Implementing Biometric Security
by John Chirillo and Scott Blaul
414 pages, $45
User authentication is the bulwark of your infosecurity implementation, but standard eight-character passwords may not be up to the task of protecting your network from anything but the most casual attackers. There are alternatives to this aging standard, such as biometrics.
Unfortunately, Implementing Biometric Security is a field guide that has gone astray. While John Chirillo and Scott Blaul include everything you need to know about biometric tools, needless pages of source code and product-specific padding poison its focus.
What Implementing Biometric Security does well is provide a good overview of biometric solutions. Most chapters are devoted to specific technologies, such as fingerprint, handprint or iris scanners. The discussions adequately cover the basics of each approach, from outlining the situations for which the tools are suitable to basic theory and accuracy statistics. In fact, one of the most valuable things about this book is that it collects information about each technology's accuracy, reliability and optimal environments into one volume. Disappointingly, the authors avoid direct comparisons between the different technologies.

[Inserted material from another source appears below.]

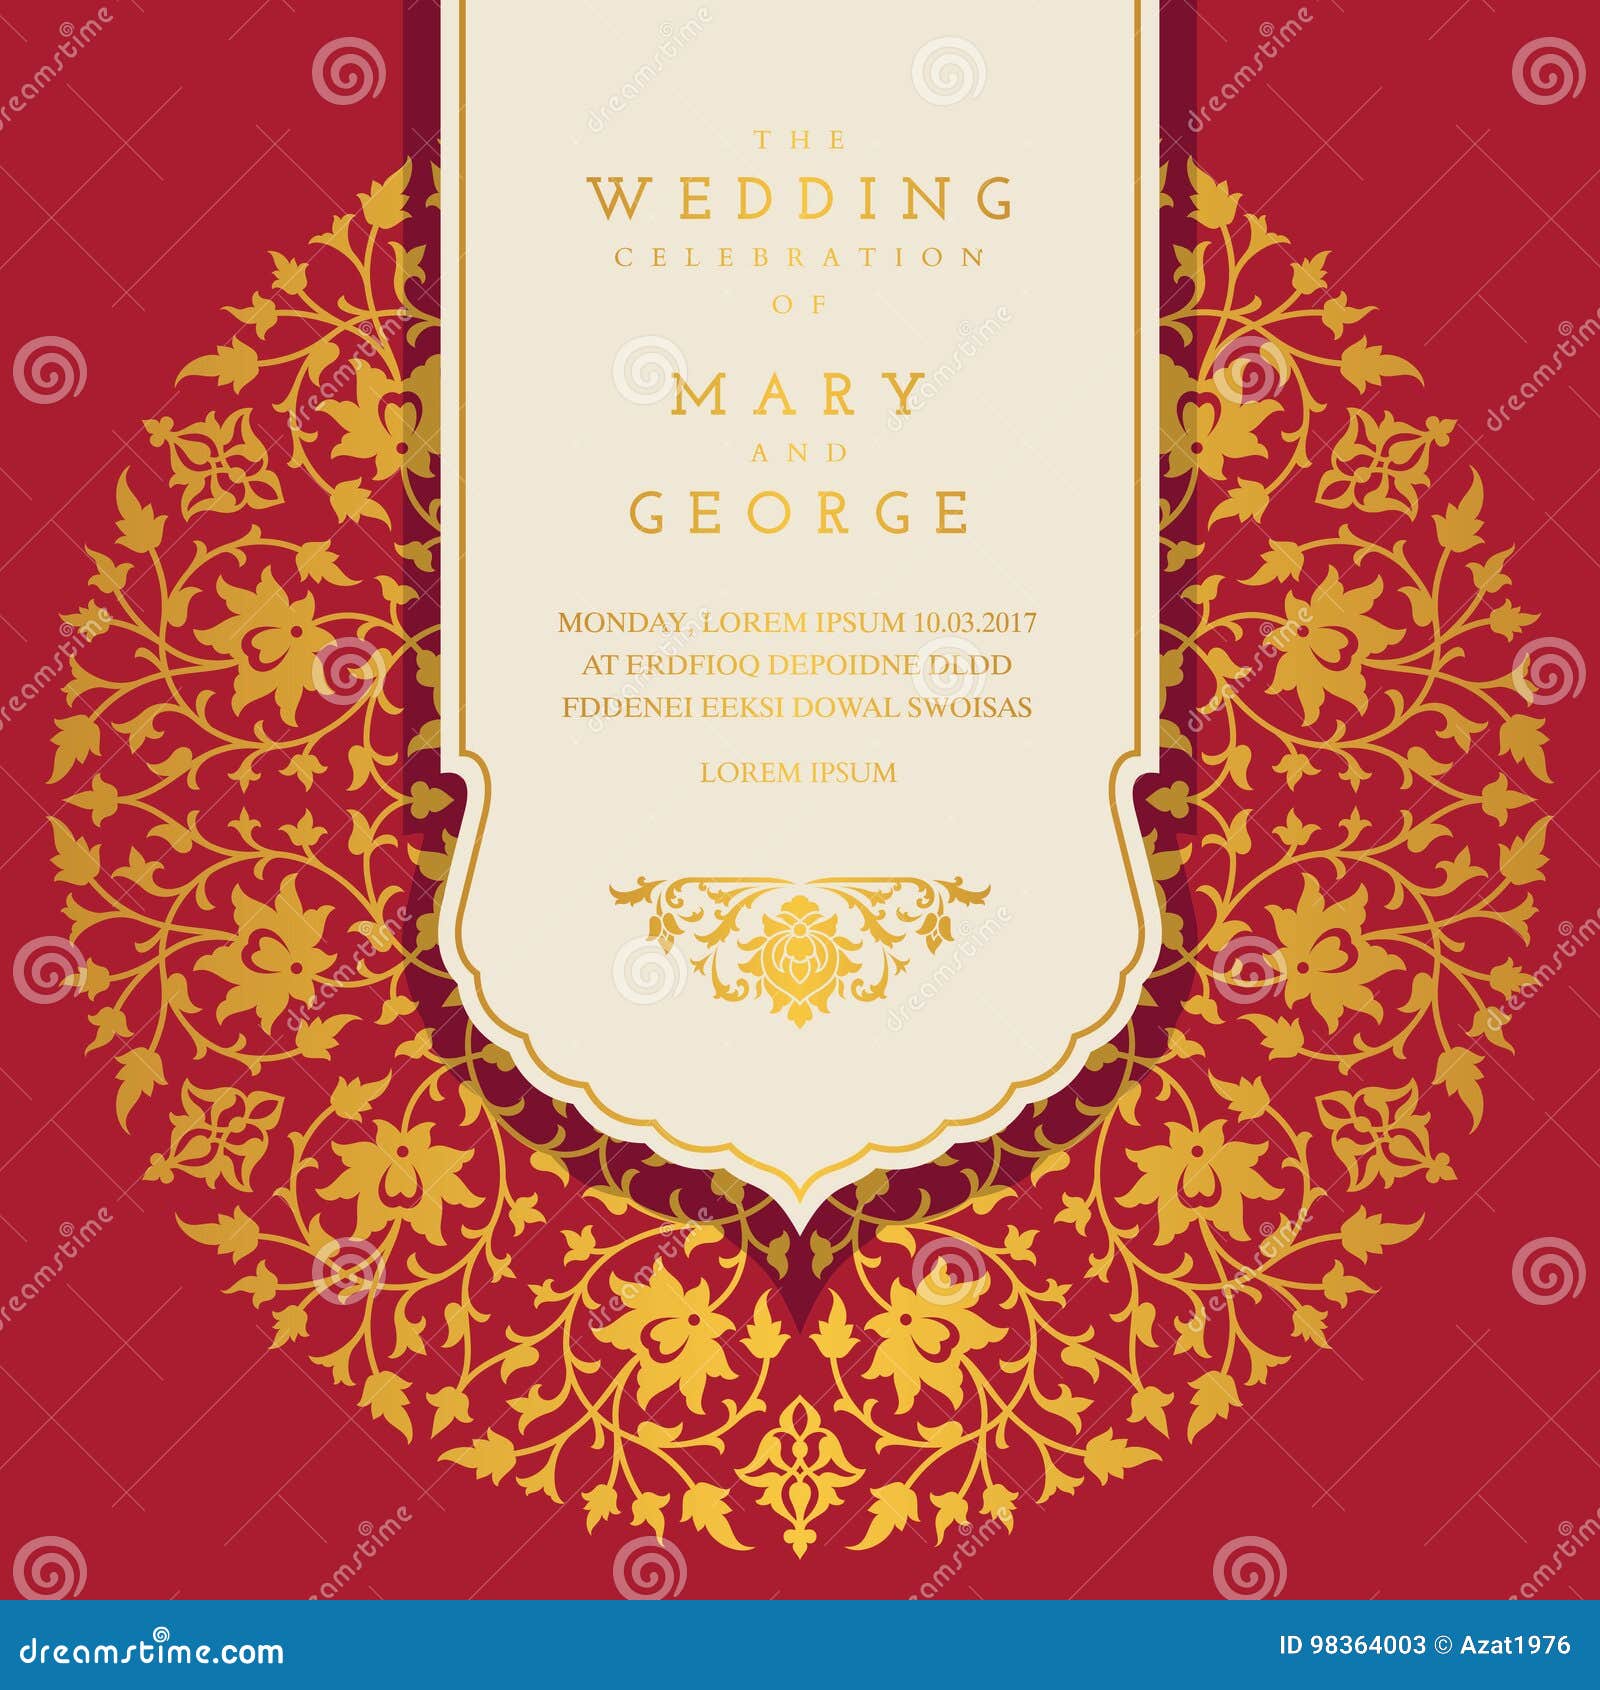 7984 Wedding Invitation Background Illustrations  Clip Art  iStock  Wedding  invitation design Wedding card Wedding reception

Chirillo and Blaul discuss how to select the best biometric technology for specific organizational needs. They offer a case study based on a fictional pharmaceutical research firm. Although the scenario shows some of the challenges inherent in even a small biometric rollout, it involves a company of just 25 employees. The example is simply too small an organization to extrapolate to the enterprise level.
Fortunately, Implementing Biometric Security includes a good, basic checklist of the things you'll need to consider when selecting and deploying solutions. As an added value, Chirillo and Blaul demonstrate how to use their evaluation spreadsheet (available on the book's Web site) to analyze different solutions.
Regrettably, the book's most notable feature is its padding. In its 414 pages, nearly half are devoted to installation screen shots or Visual Basic sample code. For some unexplainable reason, the authors also included an entire chapter on steganography, which has nothing to do with biometrics.
A substantial portion of the book involves product-specific installation instructions, most of which should be covered in the product manuals. These sections will quickly age as newer software is released.
Implementing Biometric Security is a useful, albeit flawed book. It covers a wide variety of technologies, detailing their strengths and weaknesses, but it lacks focus: is it a technology overview, a product manual or a programmer's guide? You can't really tell what it's trying to be. As a synopsis, though, Implementing Biometric Security makes the grade, providing a suitable review of available biometric options.